* _WHAT THIS TASK INVOLVES_
The expected output is exactly the lines below, starting at the line with "Long Hauler: 1978 Chevrolet C30 Car Hauler" and ending at the line with "Alternate Image 1", both included; no other line belongs in it.

* _INFORMATION SUPPLIED_
#####

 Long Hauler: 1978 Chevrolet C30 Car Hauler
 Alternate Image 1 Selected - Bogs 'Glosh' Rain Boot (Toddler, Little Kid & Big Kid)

#####

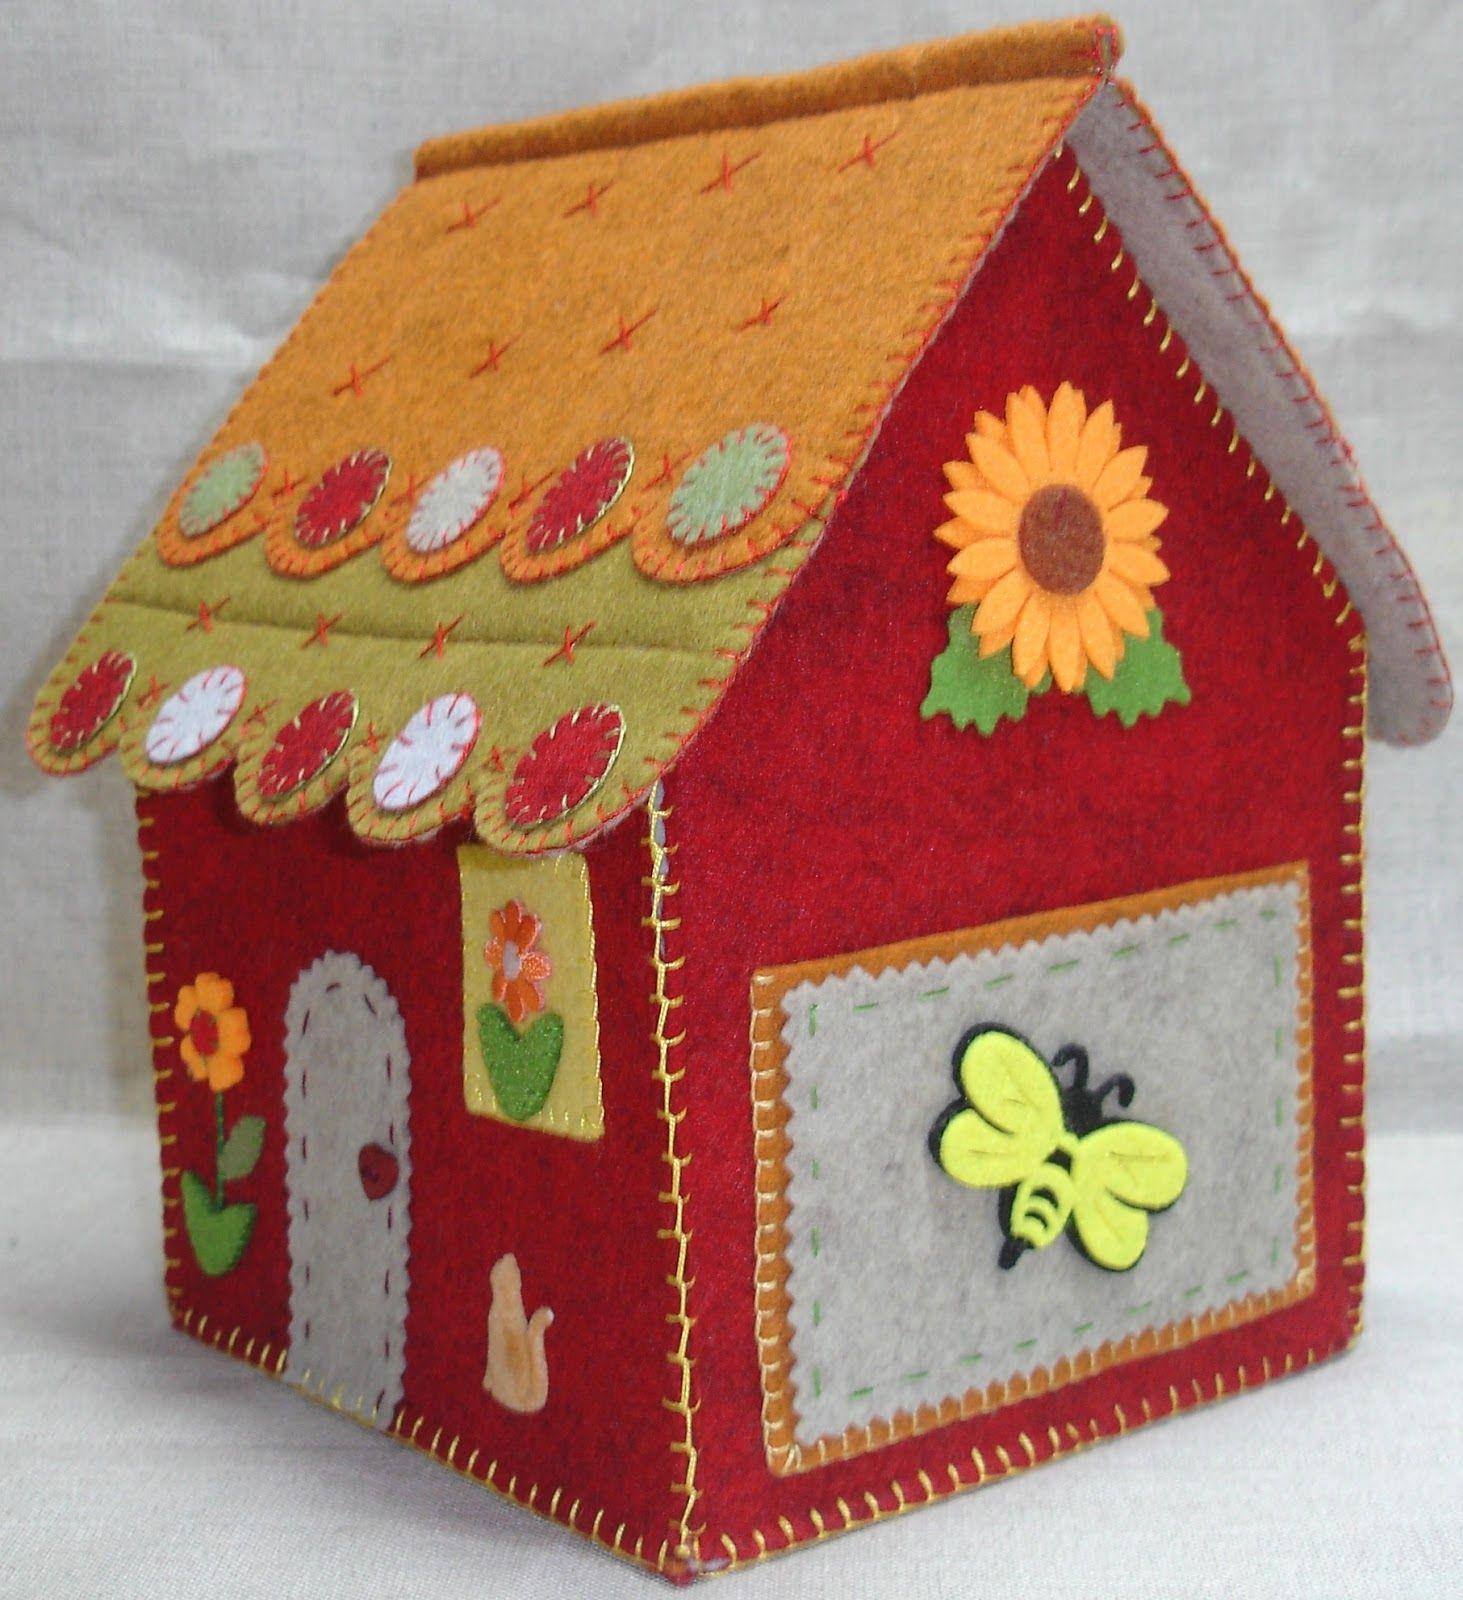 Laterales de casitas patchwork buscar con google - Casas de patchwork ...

#####

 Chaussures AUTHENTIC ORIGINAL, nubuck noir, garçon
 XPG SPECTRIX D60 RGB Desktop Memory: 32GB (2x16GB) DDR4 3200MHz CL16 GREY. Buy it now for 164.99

#####

* _ANSWER SECTION_
 Long Hauler: 1978 Chevrolet C30 Car Hauler
 Alternate Image 1 Selected - Bogs 'Glosh' Rain Boot (Toddler, Little Kid & Big Kid)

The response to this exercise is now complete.